Jeudi matin, encore une fois, la police du général Hamel est entrée en action pour étouffer la respiration de dizaines d’Algériens venus crier, pacifiquement, leur opposition au régime. Une cinquantaine de manifestants ont été violemment arrêtés puis emmenés dans des commissariats de la capitale.
Alger était disait-on la mecque des révolutionnaires, aujourd’hui, elle est devenue la tombe des libertés. Mercredi, Ramtane Lamamra donnait avec aplomb des leçons de démocratie et de respect des droits de l’homme dans sa réponse au rapport sans concession et lourd publié par le département d’Etat américain sur le respect des libertés en Algérie. Les rédacteurs américains de ce rapport pointent l’impossibilité pour les citoyens « de changer leur gouvernement », « l’usage excessif de la force par la police ainsi que les mauvaises conditions de détention ». Pire encore, ce que toute la presse dénonce depuis des années. Autrement dit «une corruption généralisée qui empêche la transparence gouvernementale ». Mais pour couper court à toute critique, Lamamra, en donneur de leçons, avance son argument : « Nous considérons que nous sommes plus à même de juger la situation des droits de l’homme dans notre pays que quiconque », en marge de la 25e session du Conseil des droits de l’homme (CDH). L’Algérie est membre du conseil des droits de l’Homme de l’Onu depuis janvier. Sommet du cynisme : « Nous allons projeter au sein du Conseil nos propres valeurs, nos propres convictions et objectifs. Nous allons faire jonction avec les pays qui partagent avec nous ce patrimoine de défense et de protection des droits de l’homme », se targuait le ministre des Affaires étrangères dans une déclaration à l’APS. Quid de toutes les enquêtes sur les scandales de Sonatrach ? L’autoroute Est-Ouest ?

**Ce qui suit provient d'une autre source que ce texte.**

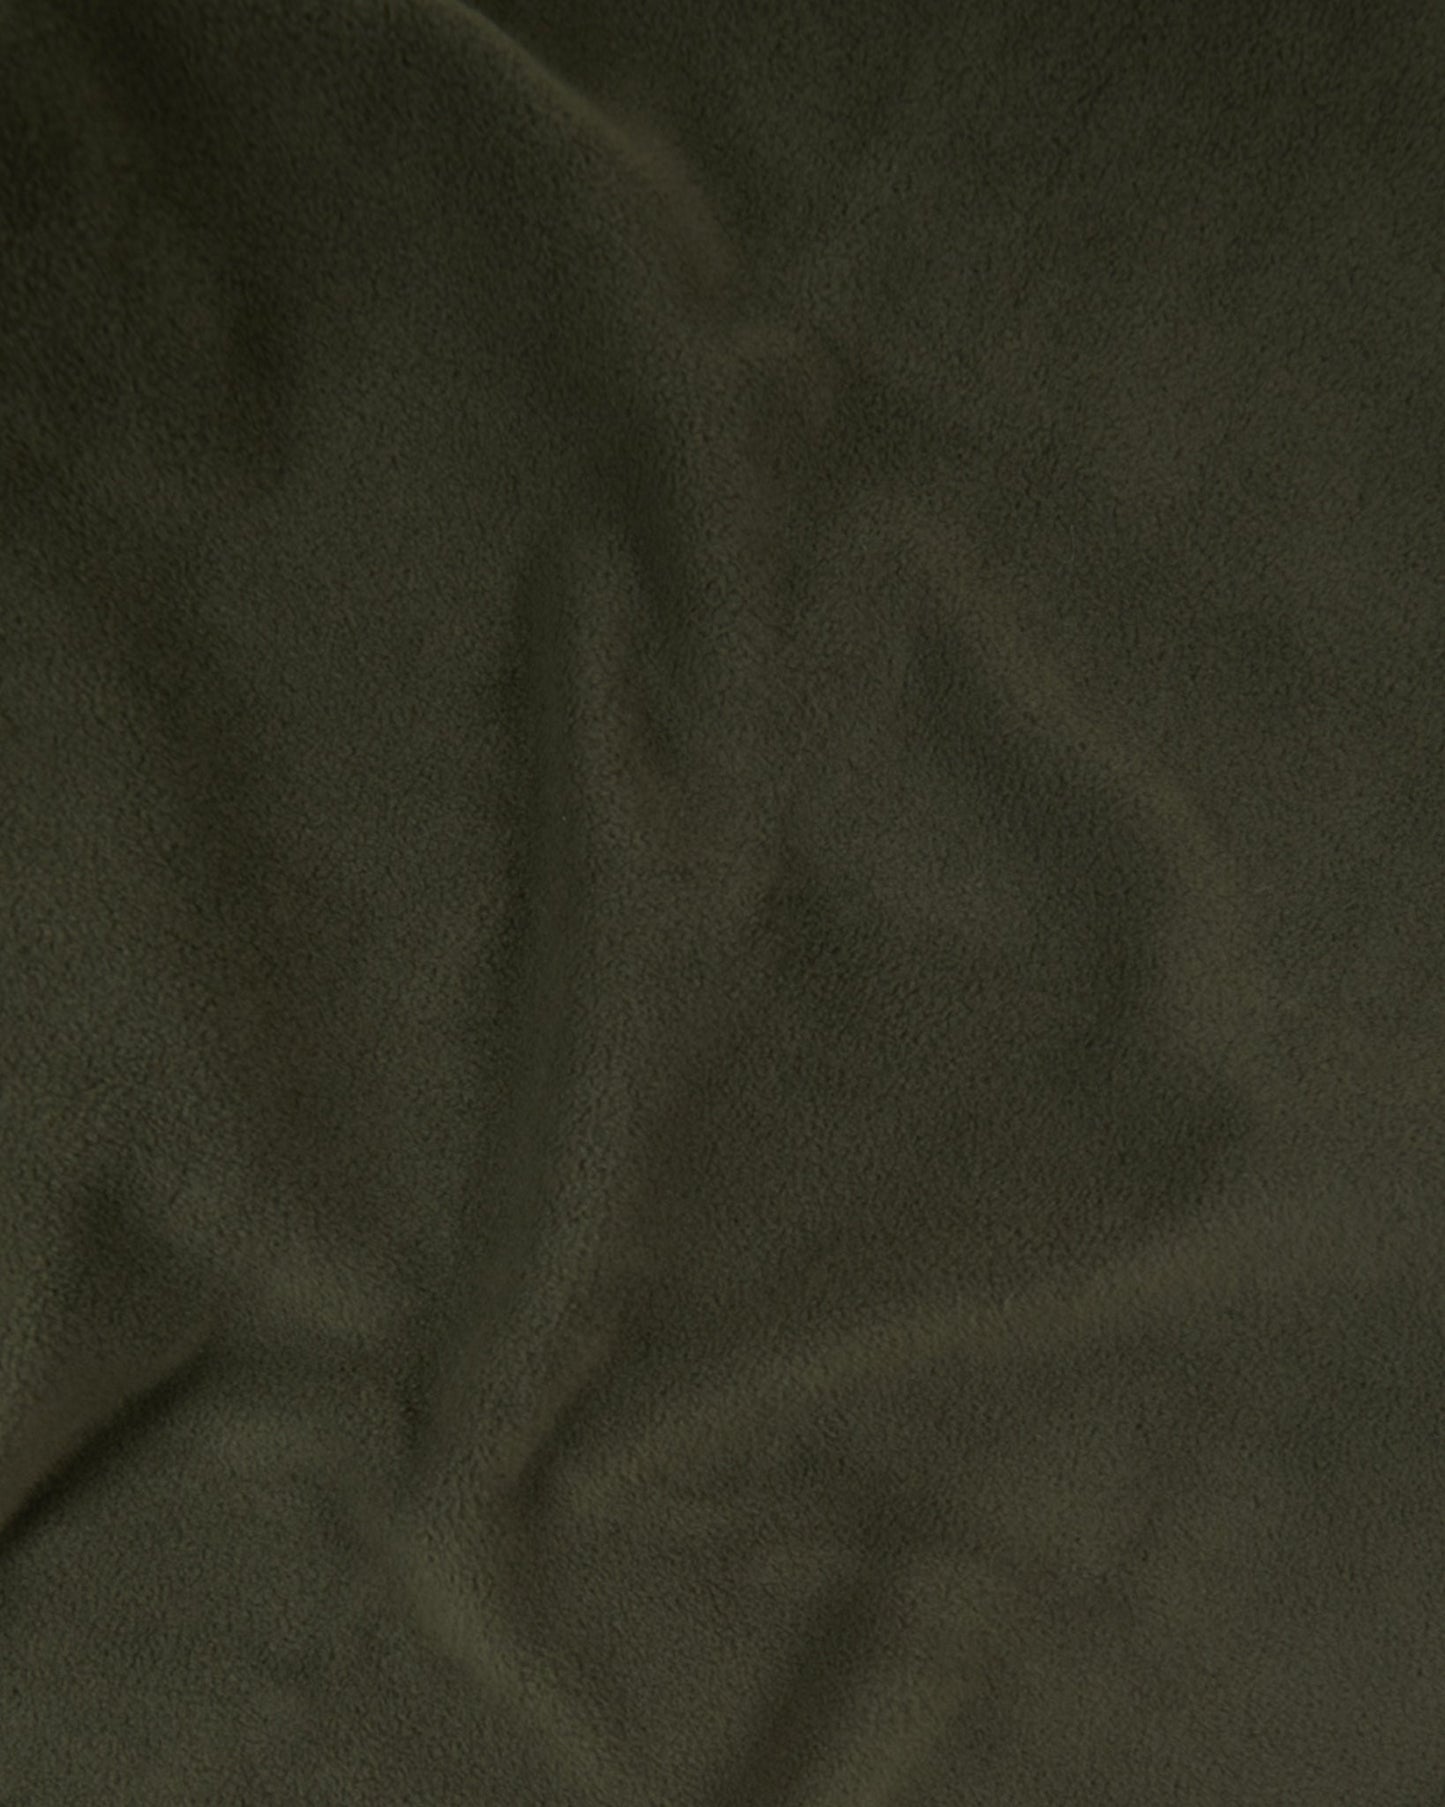 Khaki Washable Fleece Blanket

On attendait de ce fin diplomate plus de courage politique, on a entendu et vu de la couardise.
Pendant que Sellal, tance et menace « les semeurs de fitna », Farouk Ksentini, l’autre thuriféraire patenté de Bouteflika, a avalé sa langue. Le silence complice de Farouk Ksentini devant la répression policière à Alger renseigne sur le degré de renoncement et de compromission des clients du pouvoir. Désigné par Bouteflika à la tête d’une commission de défense des droits de l’homme au nom imprononçable, Farouk Ksentini semble avoir perdu sa langue devant les opérations de répression du mouvement Barakat. Mais l’a-t-on entendu un jour élever la voix sur les privations de liberté ou de réunions instituées depuis de nombreuses années par le pouvoir ? Non.
Tous et à n’importe quel prix pour la réélection de Bouteflika, c’est un peu la devise du premier ministre qui ne rate pas une occasion de lancer des vannes et des déclarations louangeuses à son employeur, le président. Malgré la gravité de la situation, ses rodomontades font beaucoup rire dans les réseaux sociaux. L’homme assure le service avec zèle et sans état d’âme.
Ces derniers jours tout ce que compte de courtisans du président se pâment de trouver une place dans la pseudo-campagne électorale. Mais à la moindre difficulté, la panique gagne le sommet du pouvoir. Entre silence et rodomontades, un jeu de mensonges et d’ombres chinoises s’allongent au grand désespoir des Algériens.
Mais enfin, s’attendre à quelque sursaut de rupture ou une oraison funèbre du pouvoir de la part de ces carriéristes de la politique est une erreur. Le double discours, l’esbroufe, le mensonge, la manipulation, la dissimulation des réalités ne sont-ils pas les éléments constitutifs des réponses qu’apportent ces hommes et ce qu’ils représentent aux questions fondamentales que pose la société ? L’espoir, tout l’espoir des Algériens sourd de ces femmes et hommes qui crient leur colère devant le hold-up politique de l’avenir de l’Algérie.